* [RECORDS FOR THIS EXERCISE]:
[Start of Attachment]
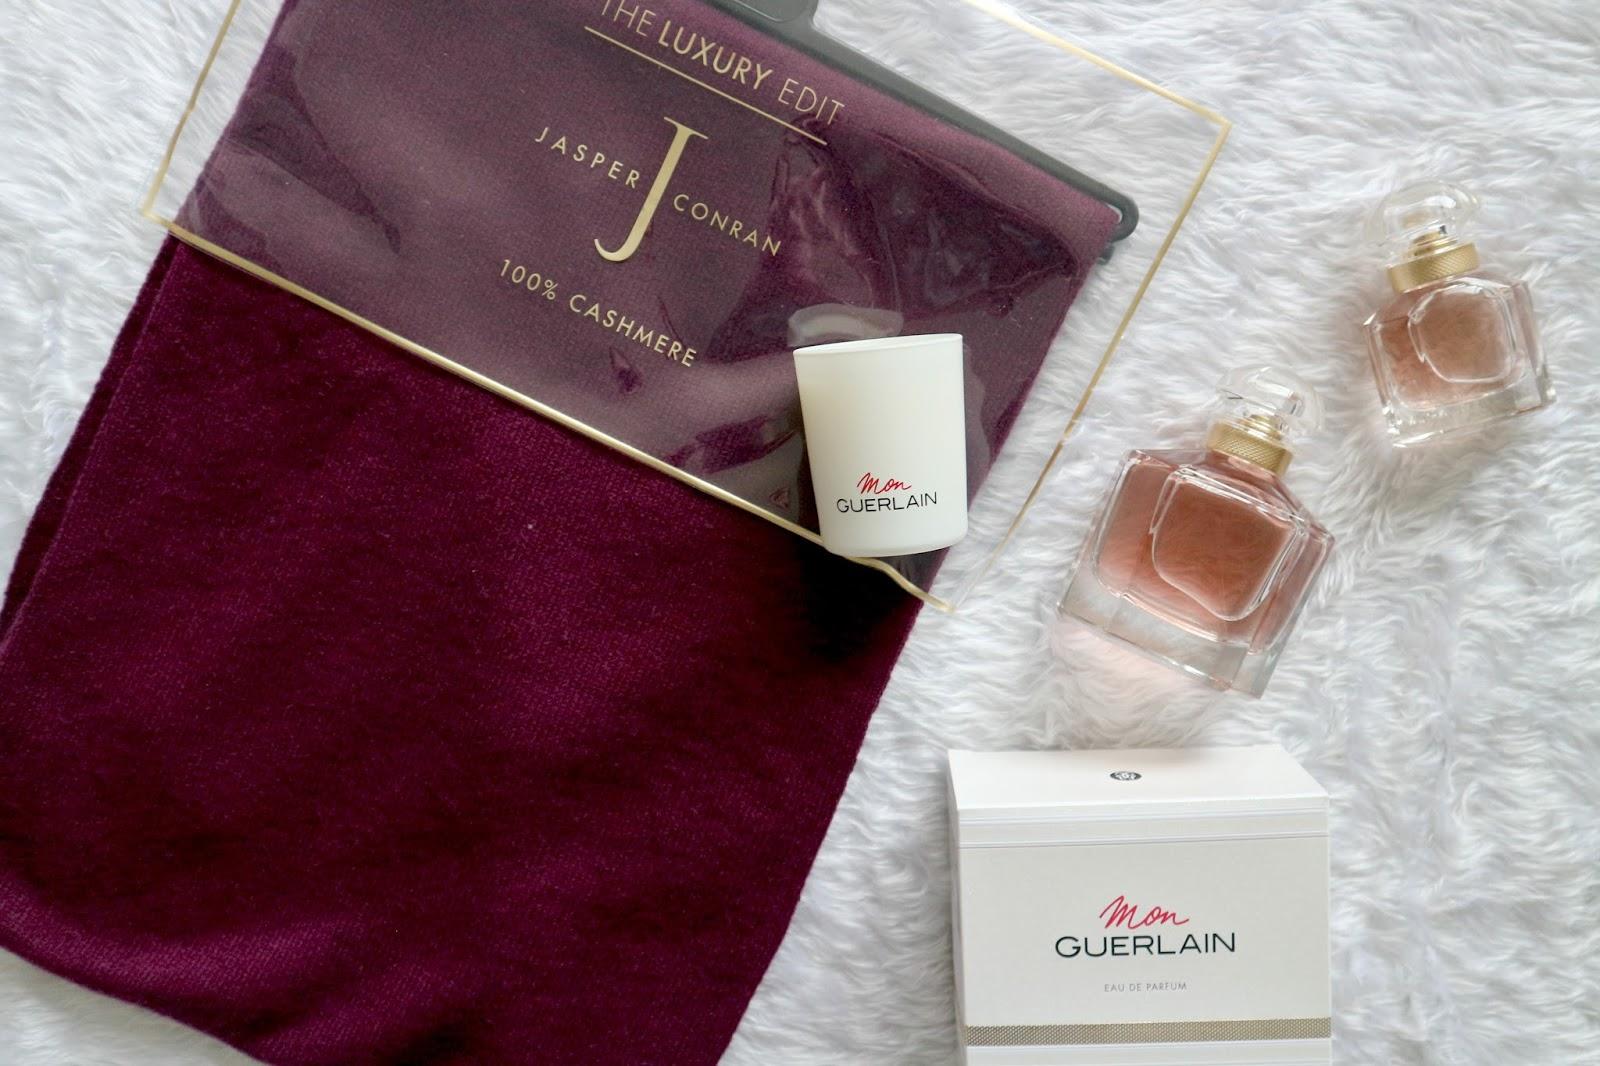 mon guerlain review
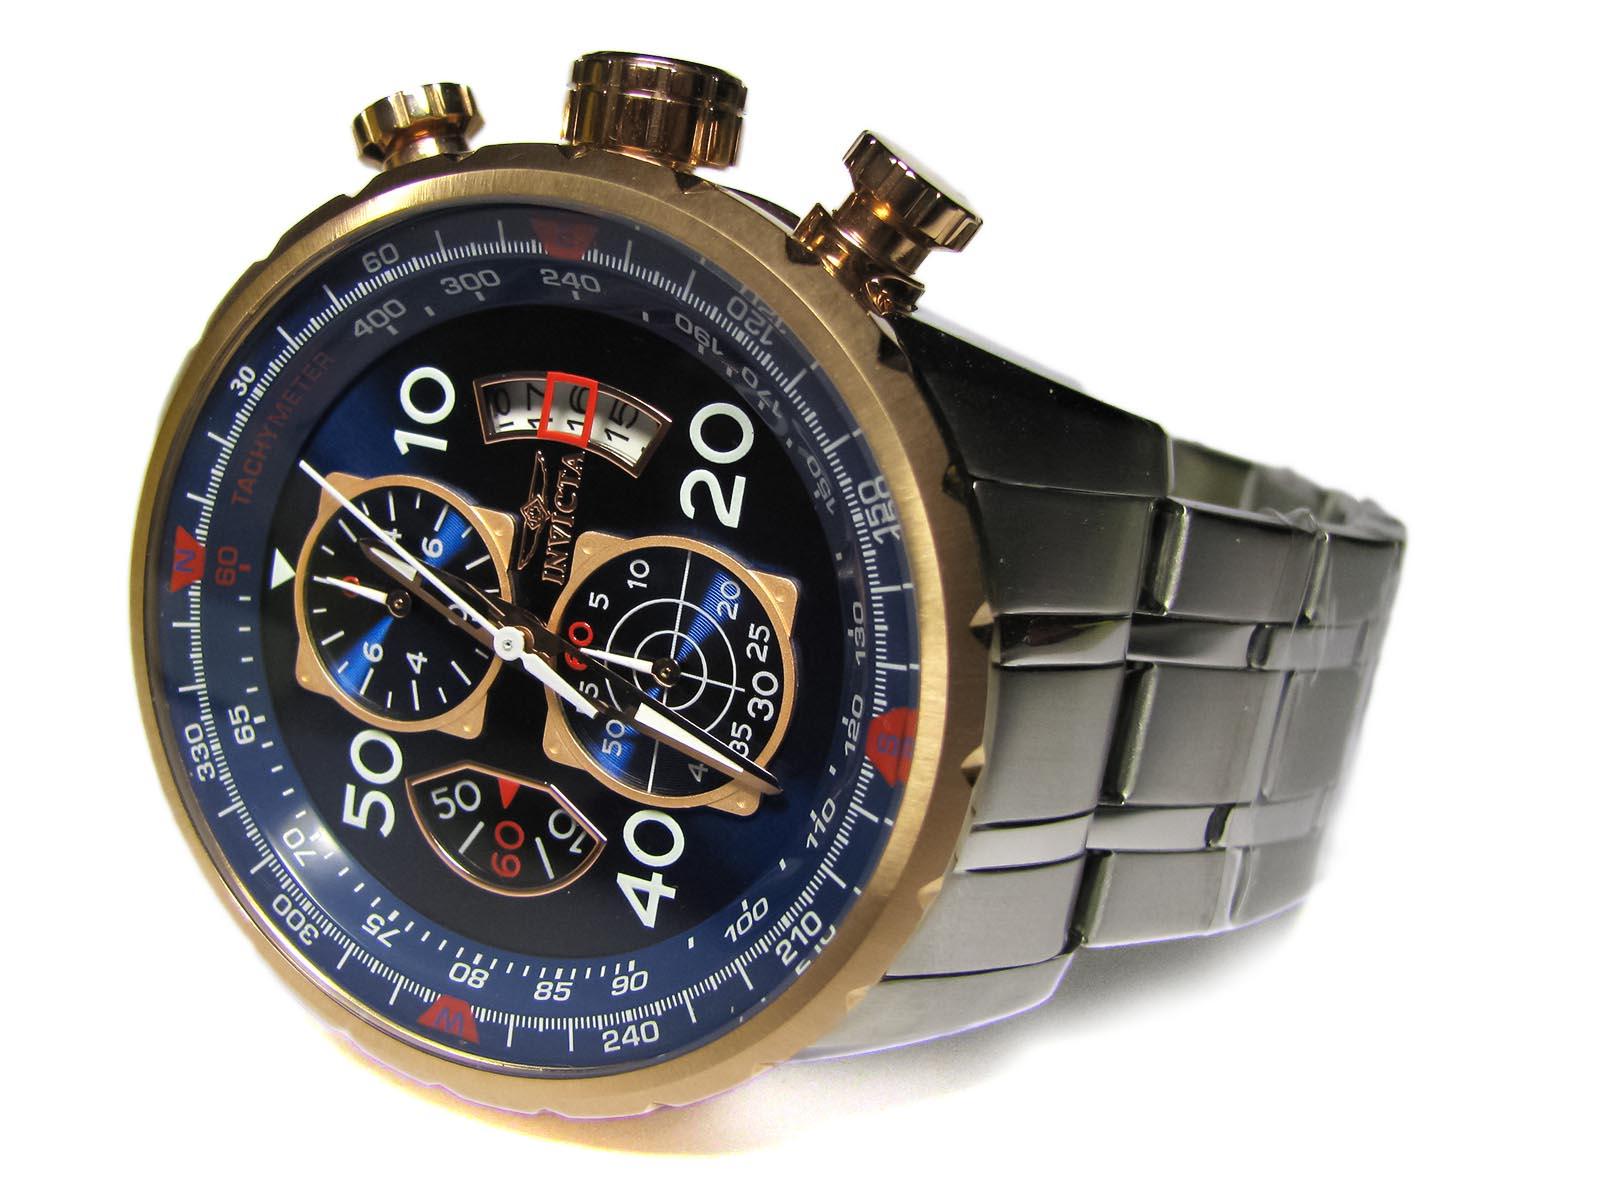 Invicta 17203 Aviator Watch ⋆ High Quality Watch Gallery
[End of Attachment]
[Start of Attachment]
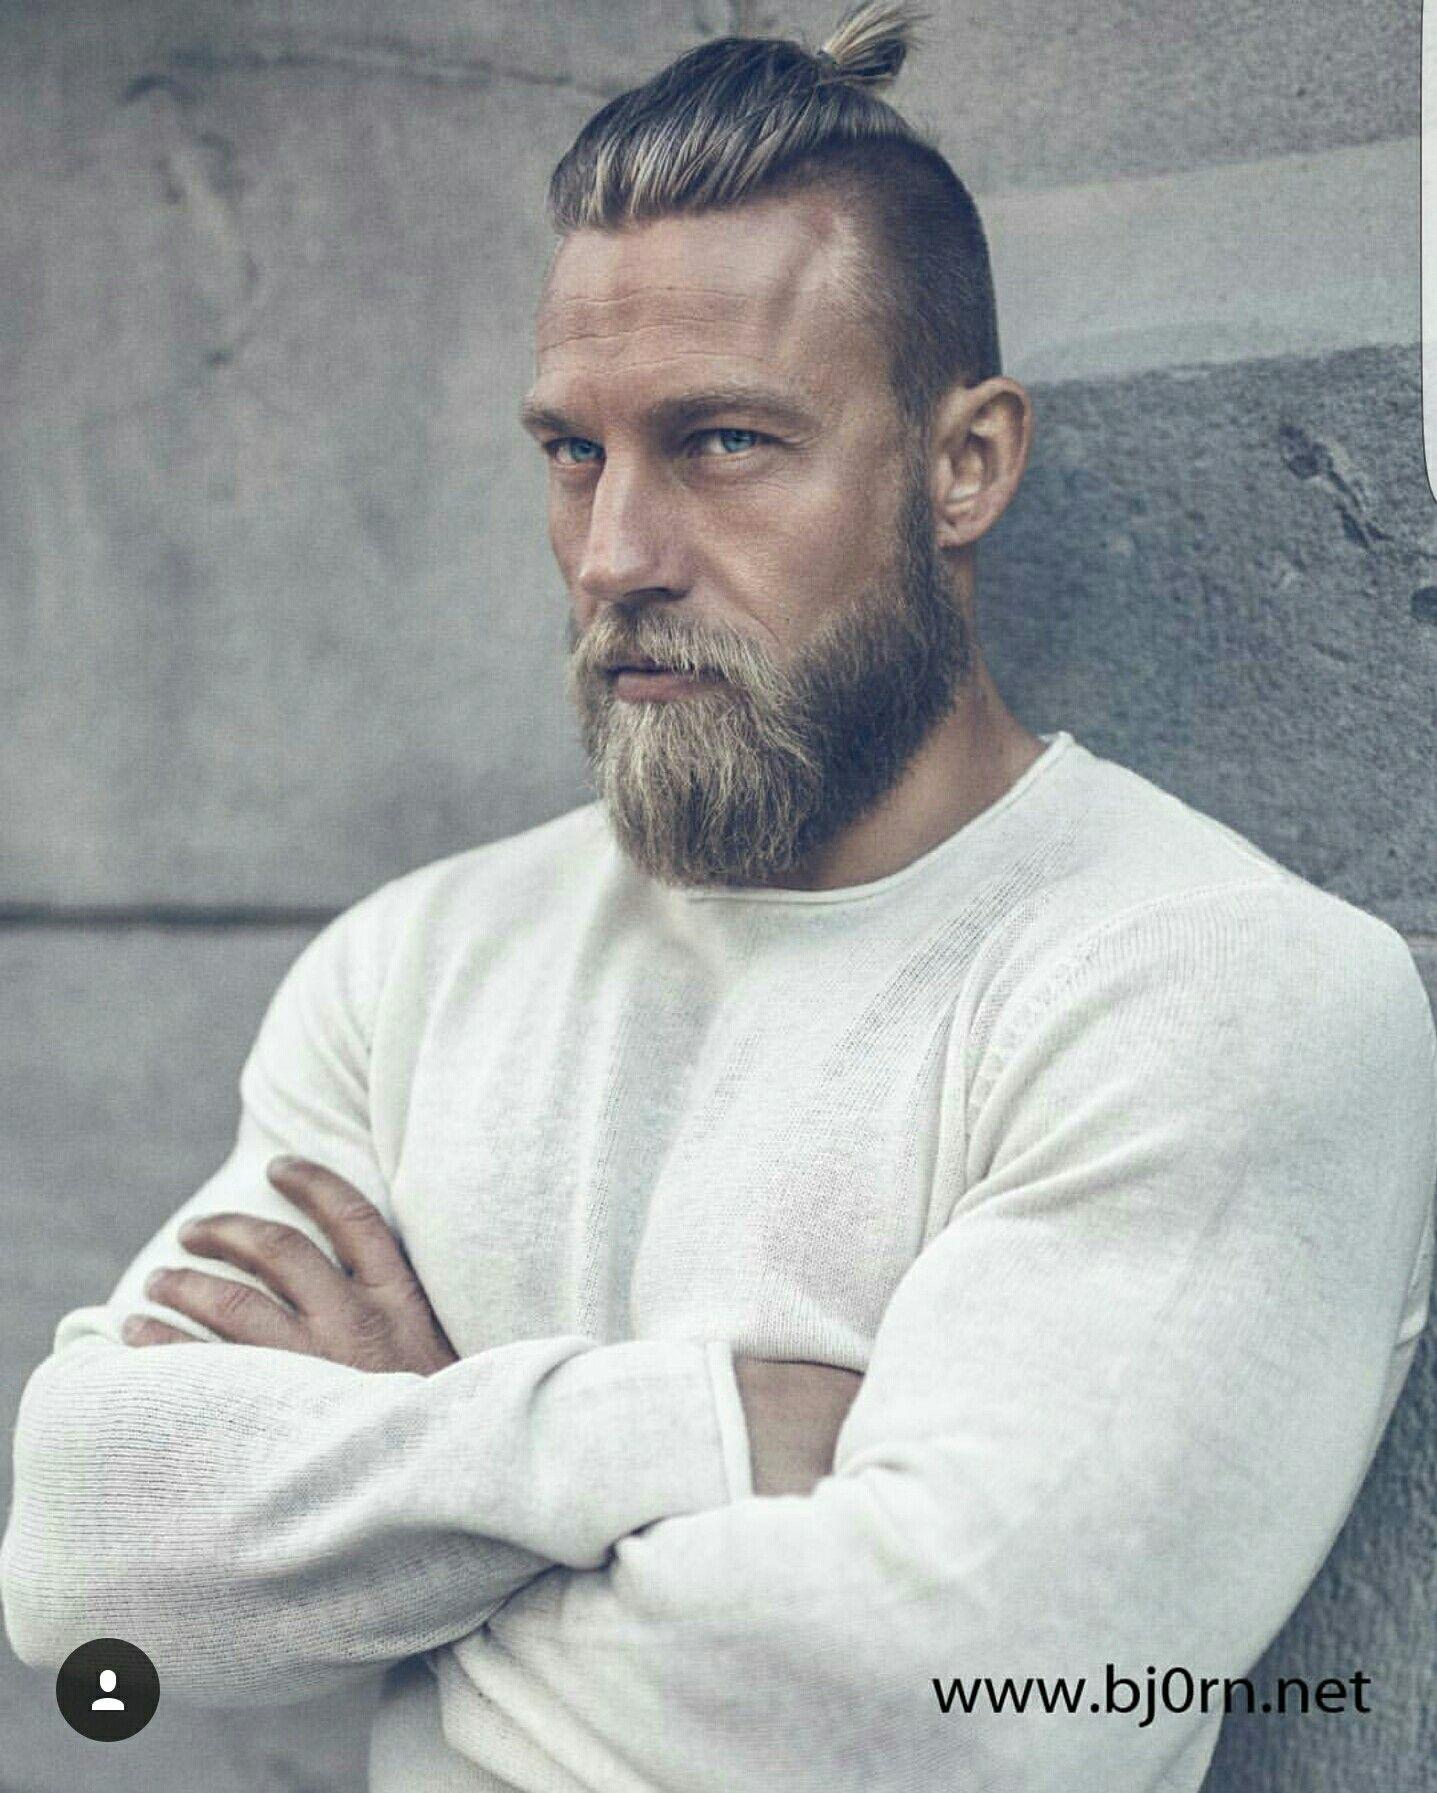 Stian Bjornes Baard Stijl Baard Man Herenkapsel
[End of Attachment]
* [WHAT NEEDS TO BE DONE]: Above are the records; copy exactly the lines from the one with "mon guerlain review" through the one with "Invicta 17203 Aviator", including both, and nothing more. Leave out pictures.

* [PROBLEM SOLUTION]:
 mon guerlain review
 Invicta 17203 Aviator Watch ⋆ High Quality Watch Gallery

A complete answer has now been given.